'''

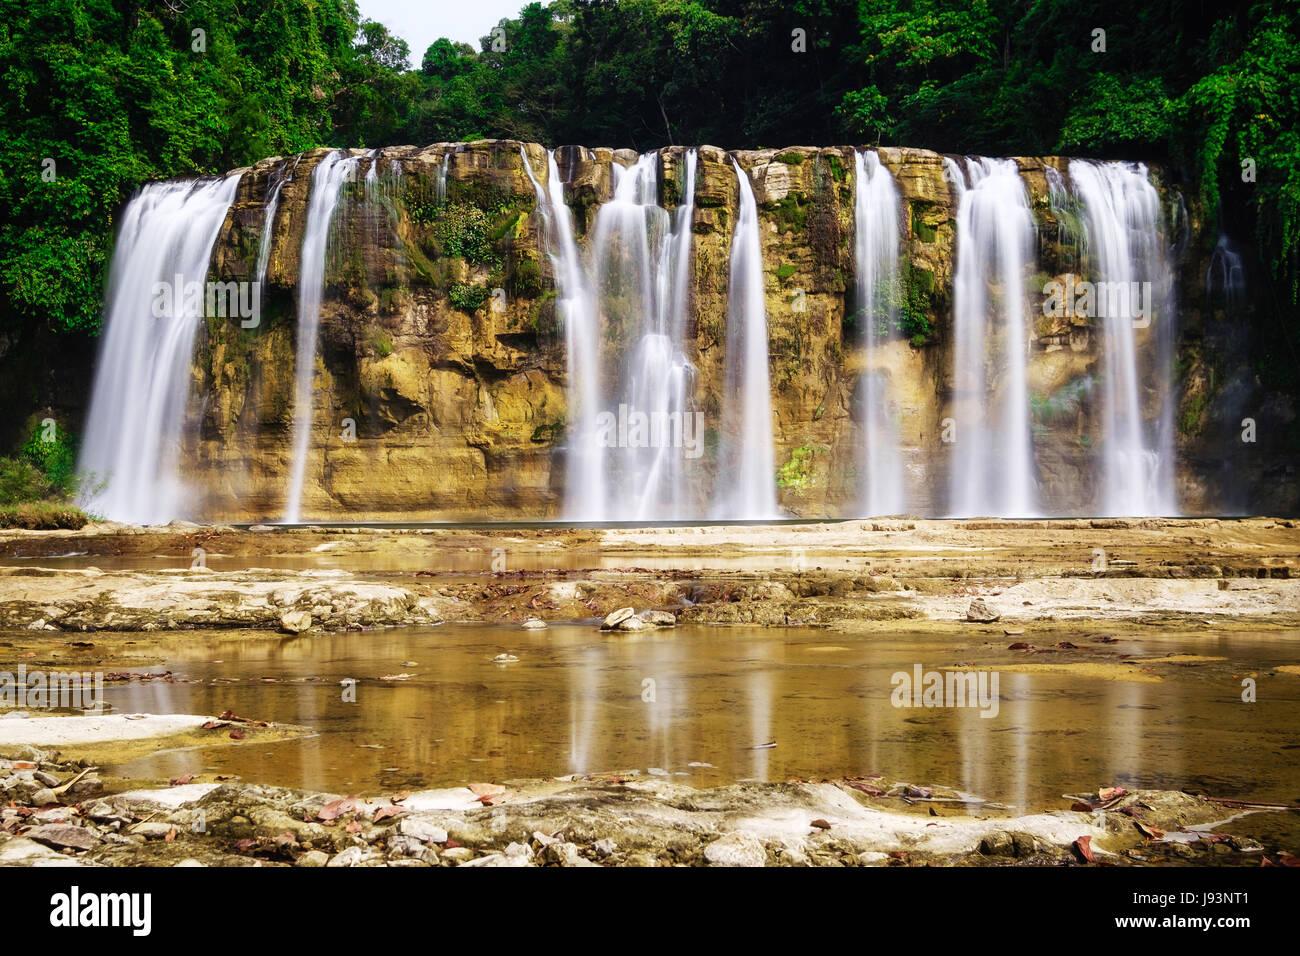 Tinuy An falls also known as mini Niagara falls - Stock Image
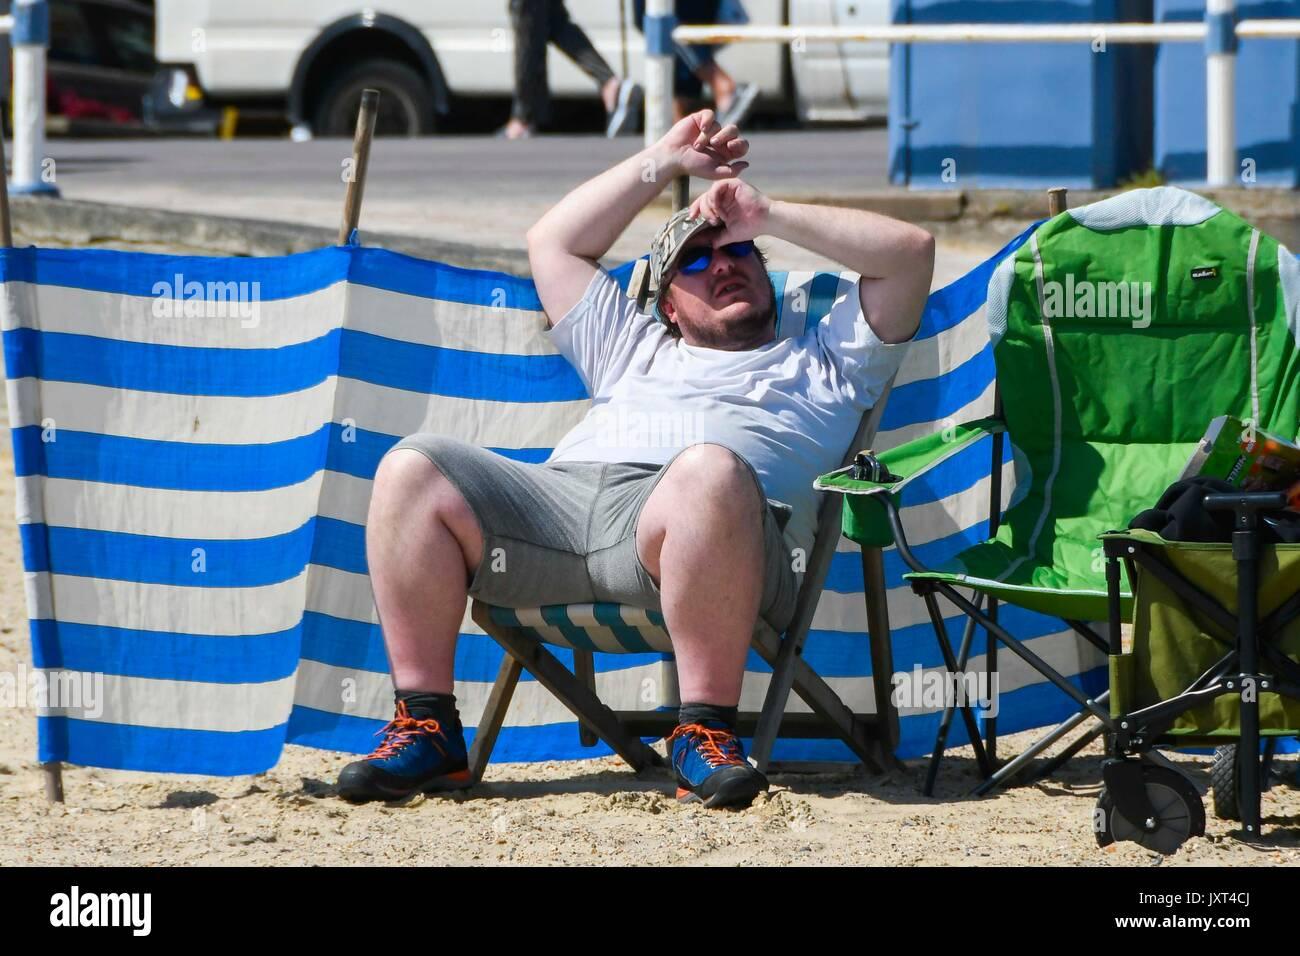 Weymouth, Dorset, UK. 17th Aug, 2017. UK Weather. Holidaymakers and sunbathers on the beach enjoying the warm sunny Stock Photo
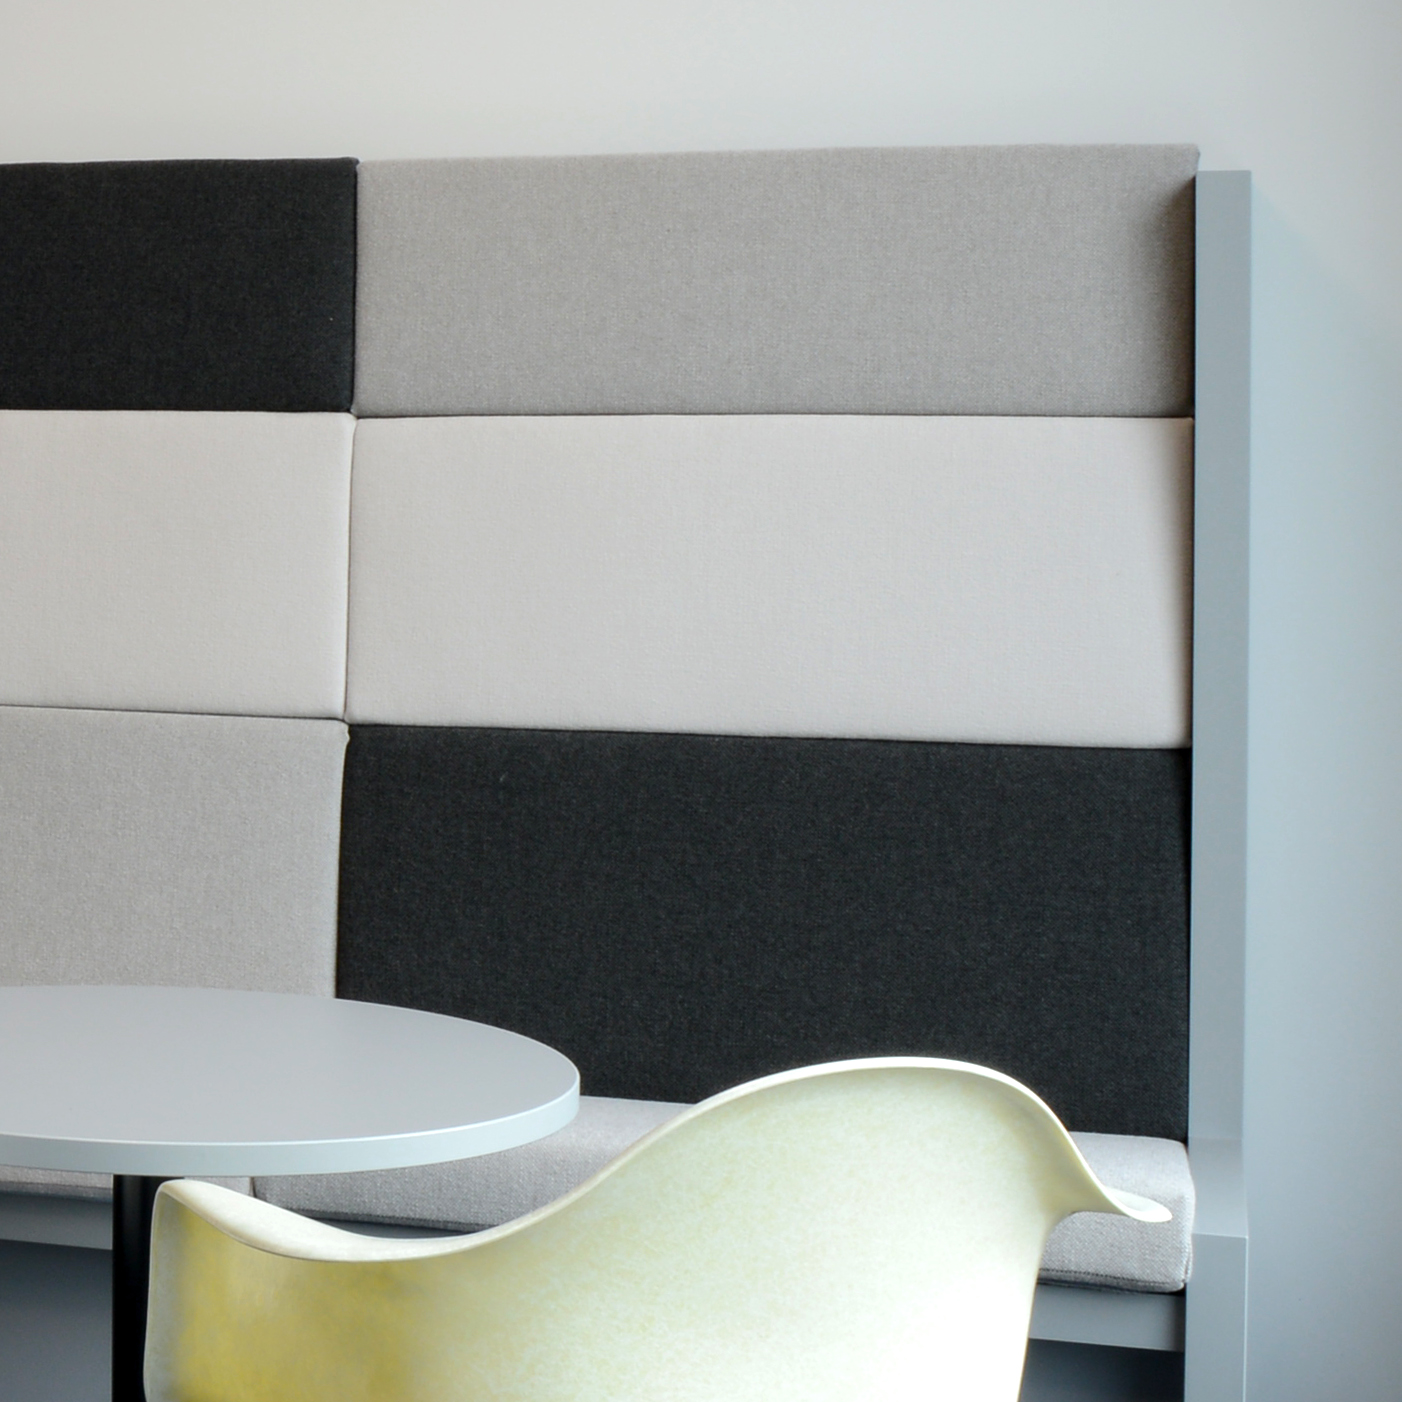 Walo Gestaltung Office Design

'''

Instructions for the task => Return every line shown above without changing a word, and skip the pictures.

Response area =>
 Tinuy An falls also known as mini Niagara falls - Stock Image
 Weymouth, Dorset, UK. 17th Aug, 2017. UK Weather. Holidaymakers and sunbathers on the beach enjoying the warm sunny Stock Photo
 Walo Gestaltung Office Design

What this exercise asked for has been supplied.